▸ Directions for this task
The required answer is an exact copy of the lines from the one containing "Washington Redskins wallpaper" to the end of the listing, both included, without any pictures.

Segment Open

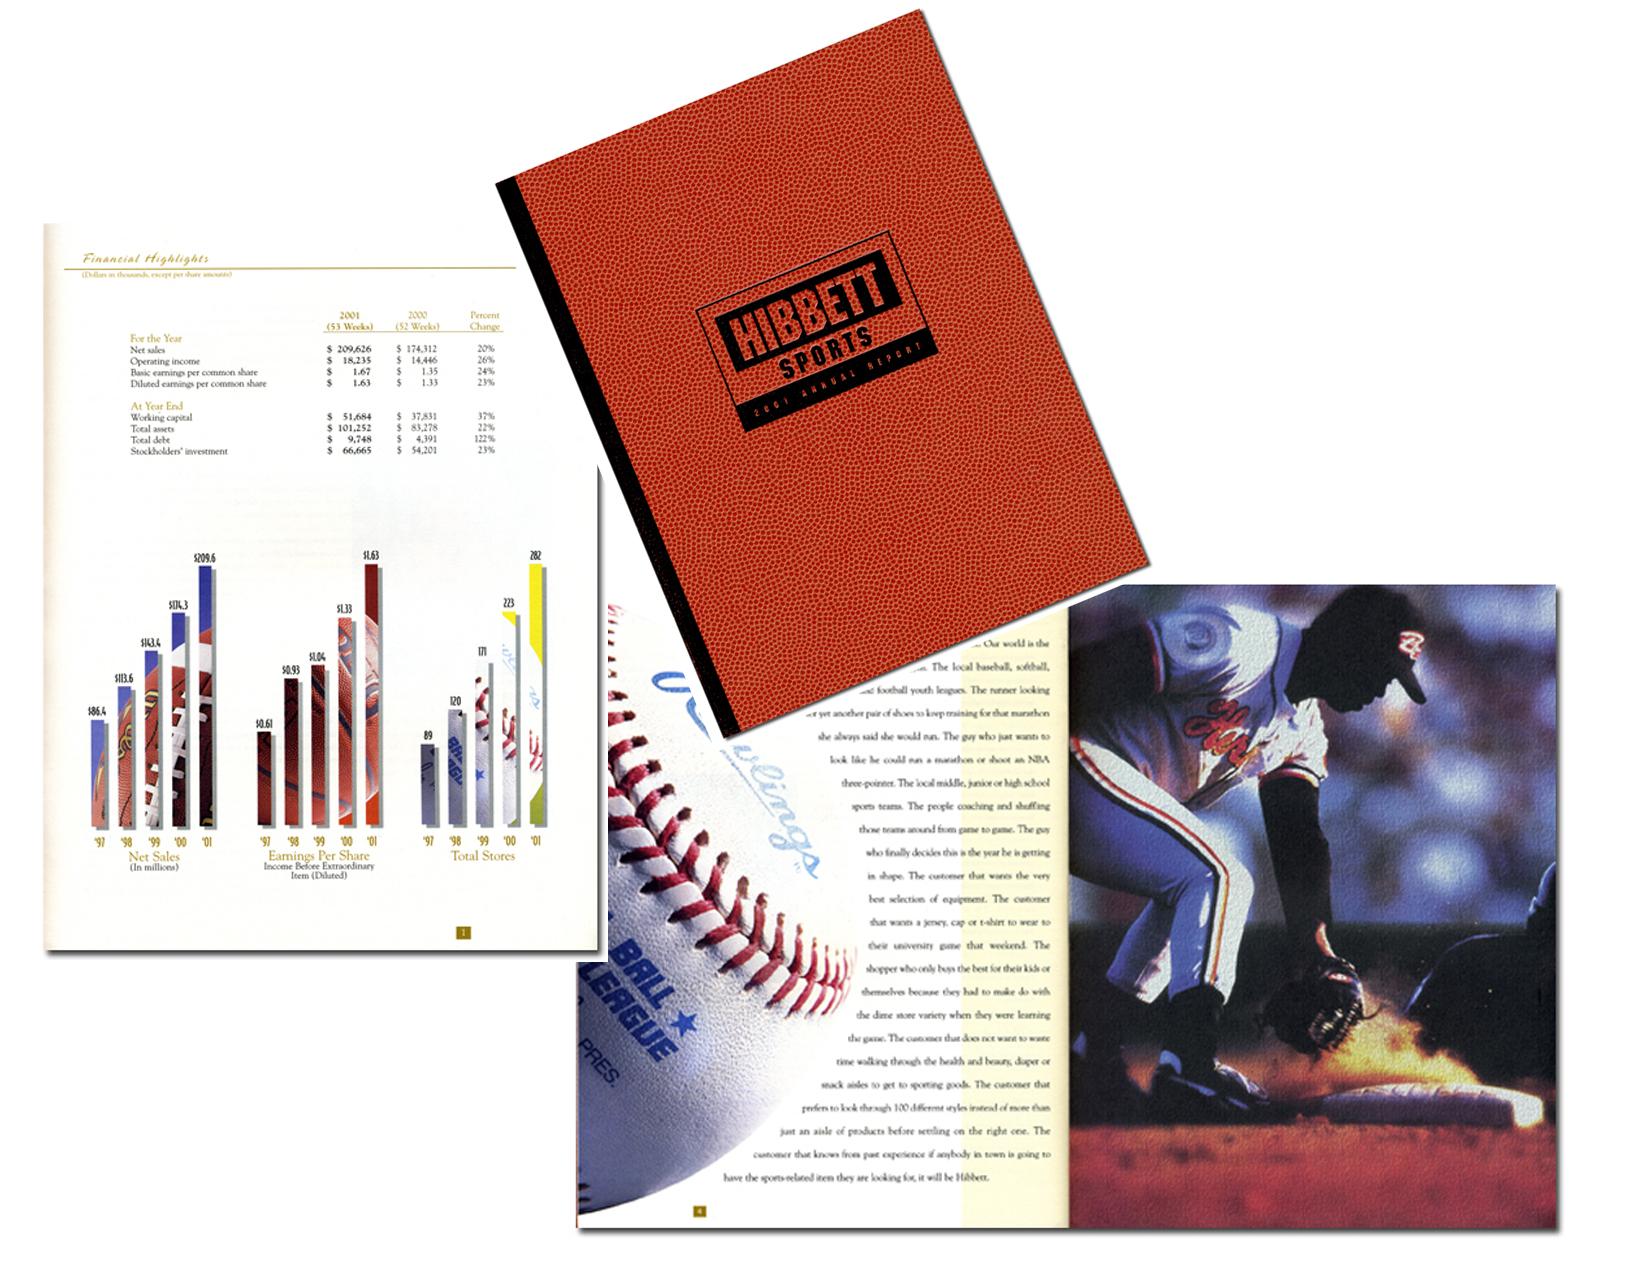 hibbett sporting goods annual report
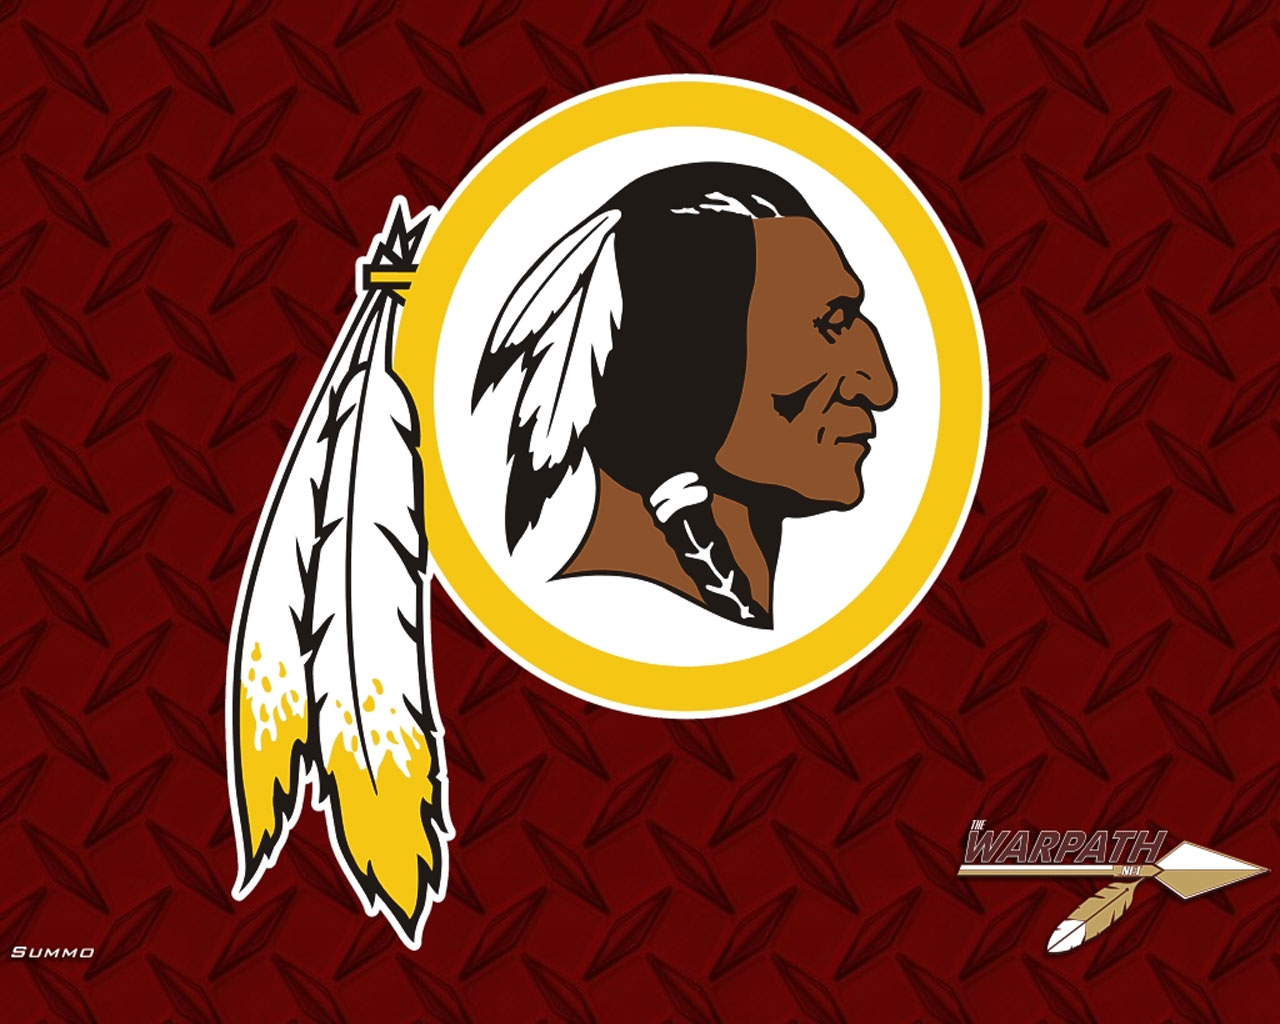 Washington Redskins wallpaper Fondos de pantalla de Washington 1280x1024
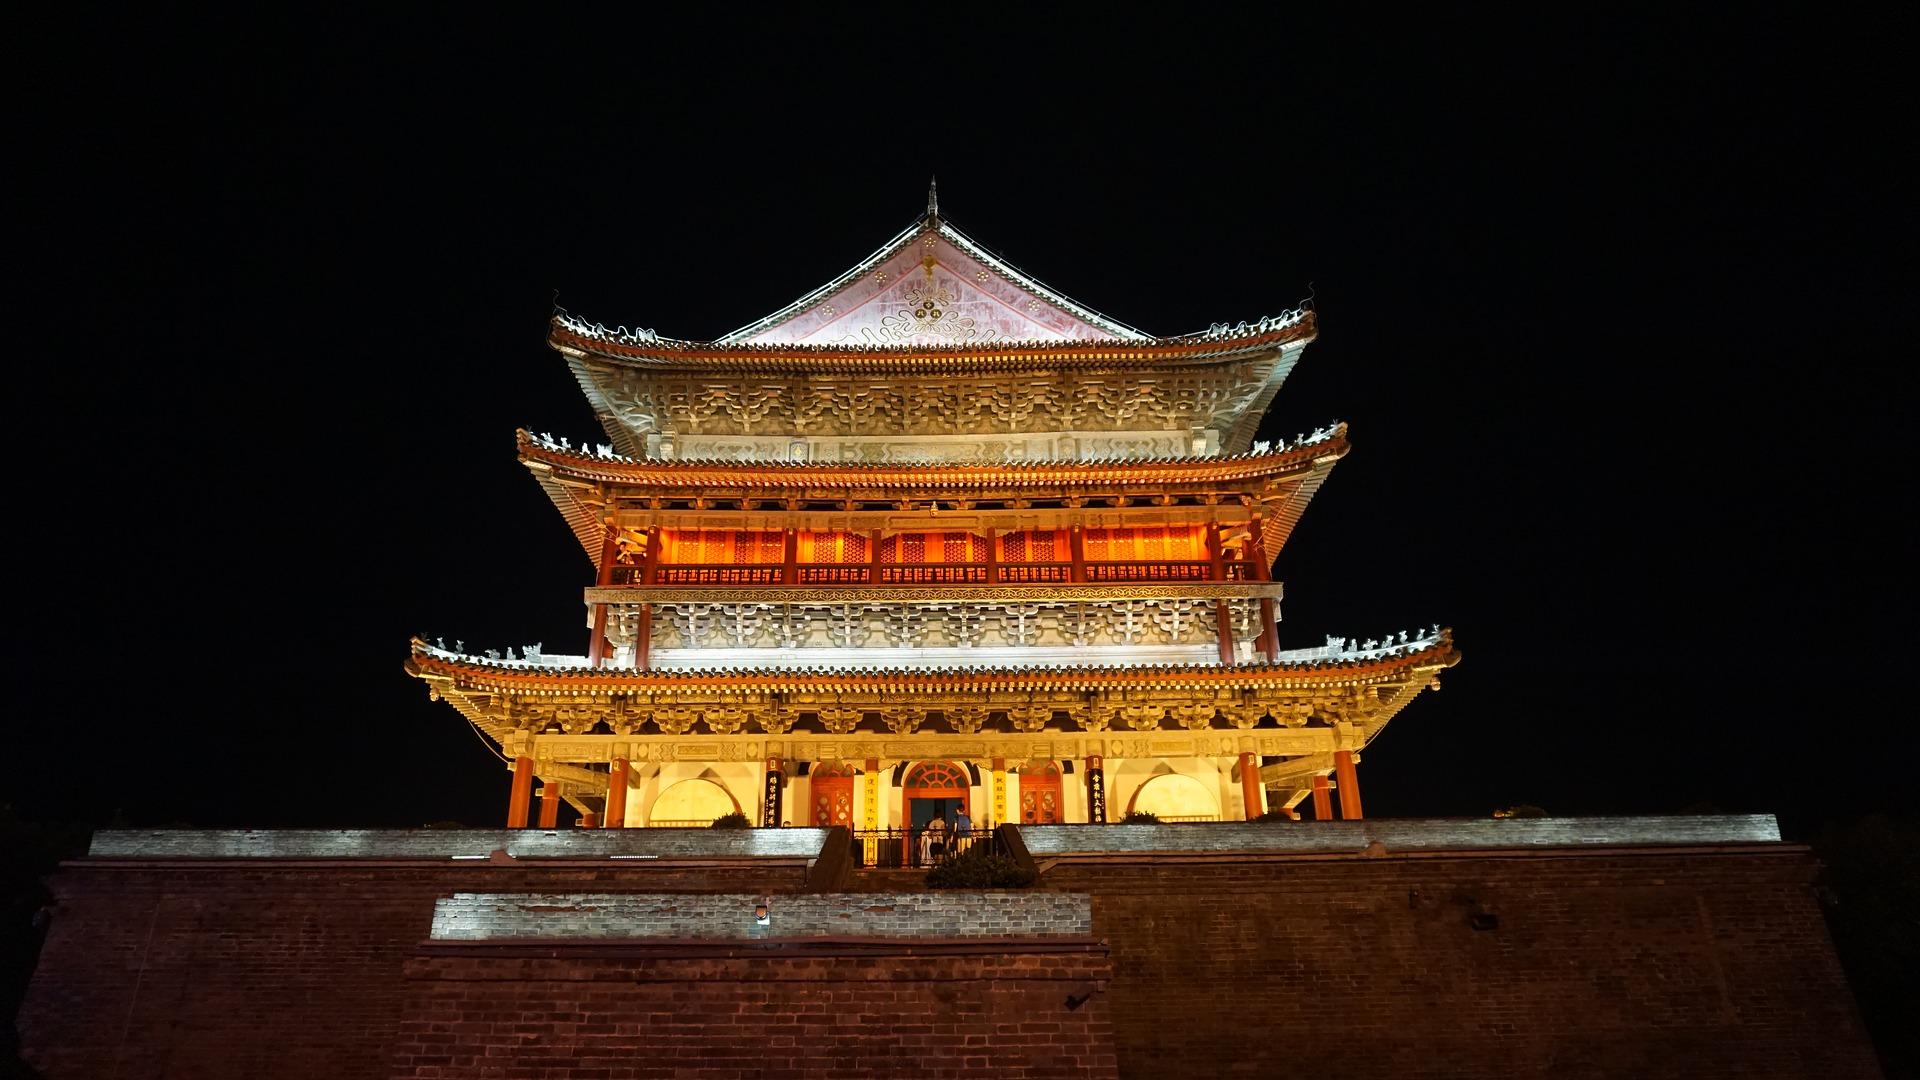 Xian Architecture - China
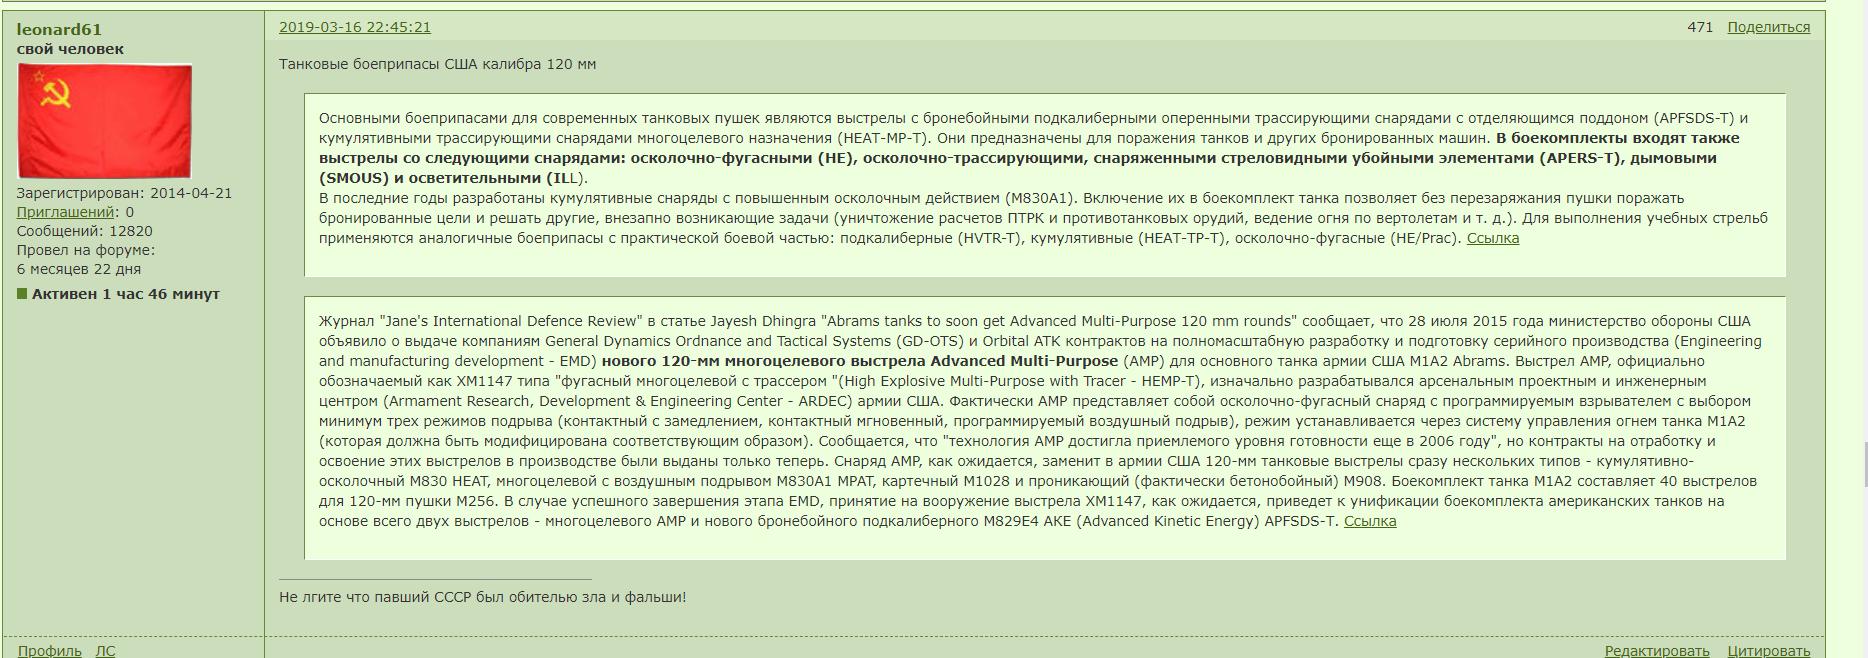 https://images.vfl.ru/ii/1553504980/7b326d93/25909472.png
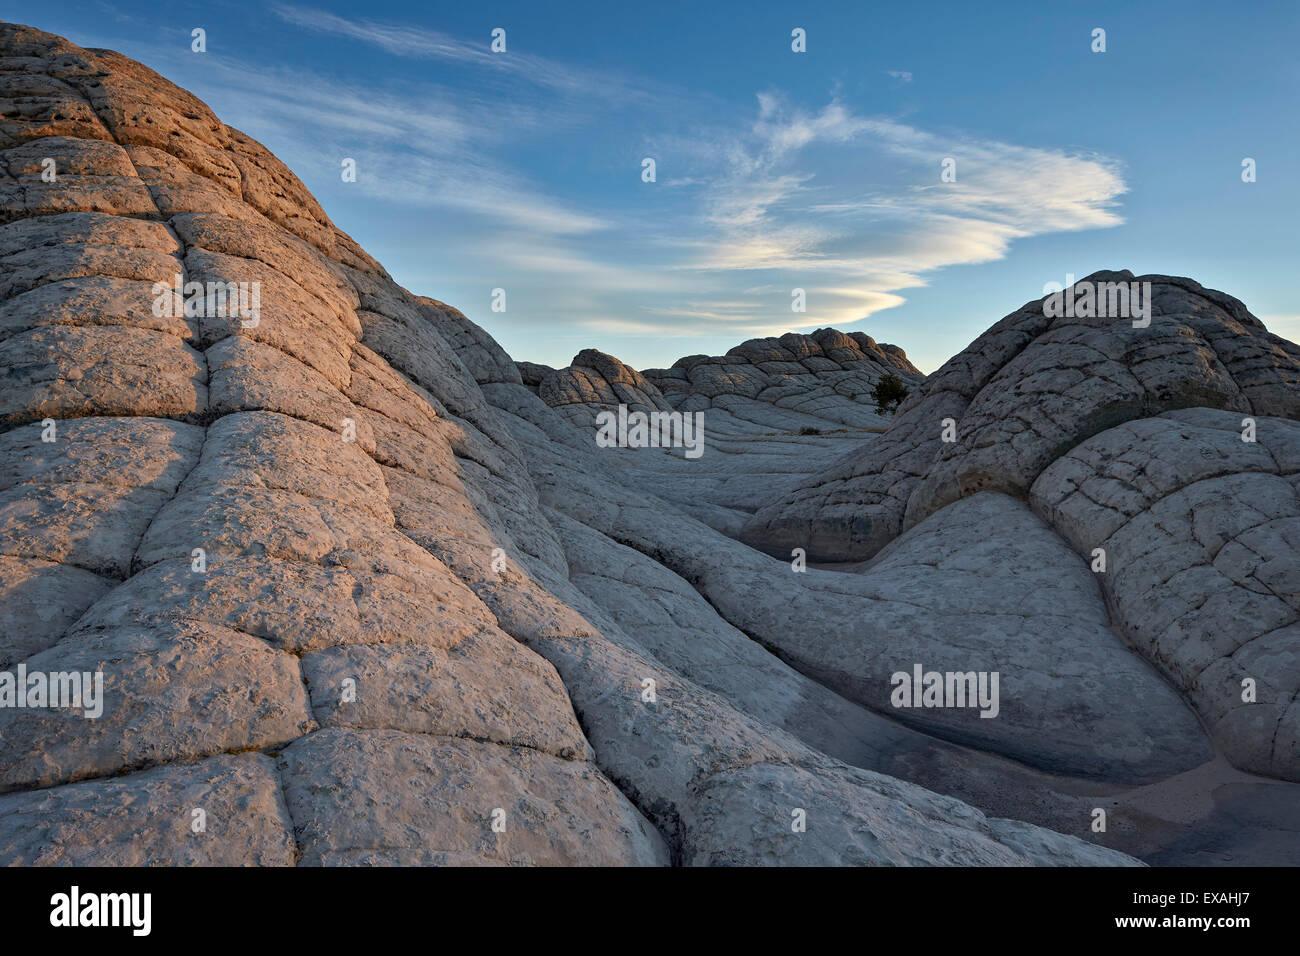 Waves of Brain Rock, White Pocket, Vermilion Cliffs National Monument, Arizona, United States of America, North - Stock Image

Segment Closed

▸ Worked solution
 Washington Redskins wallpaper Fondos de pantalla de Washington 1280x1024
 Xian Architecture - China
 https://images.vfl.ru/ii/1553504980/7b326d93/25909472.png
 Waves of Brain Rock, White Pocket, Vermilion Cliffs National Monument, Arizona, United States of America, North - Stock Image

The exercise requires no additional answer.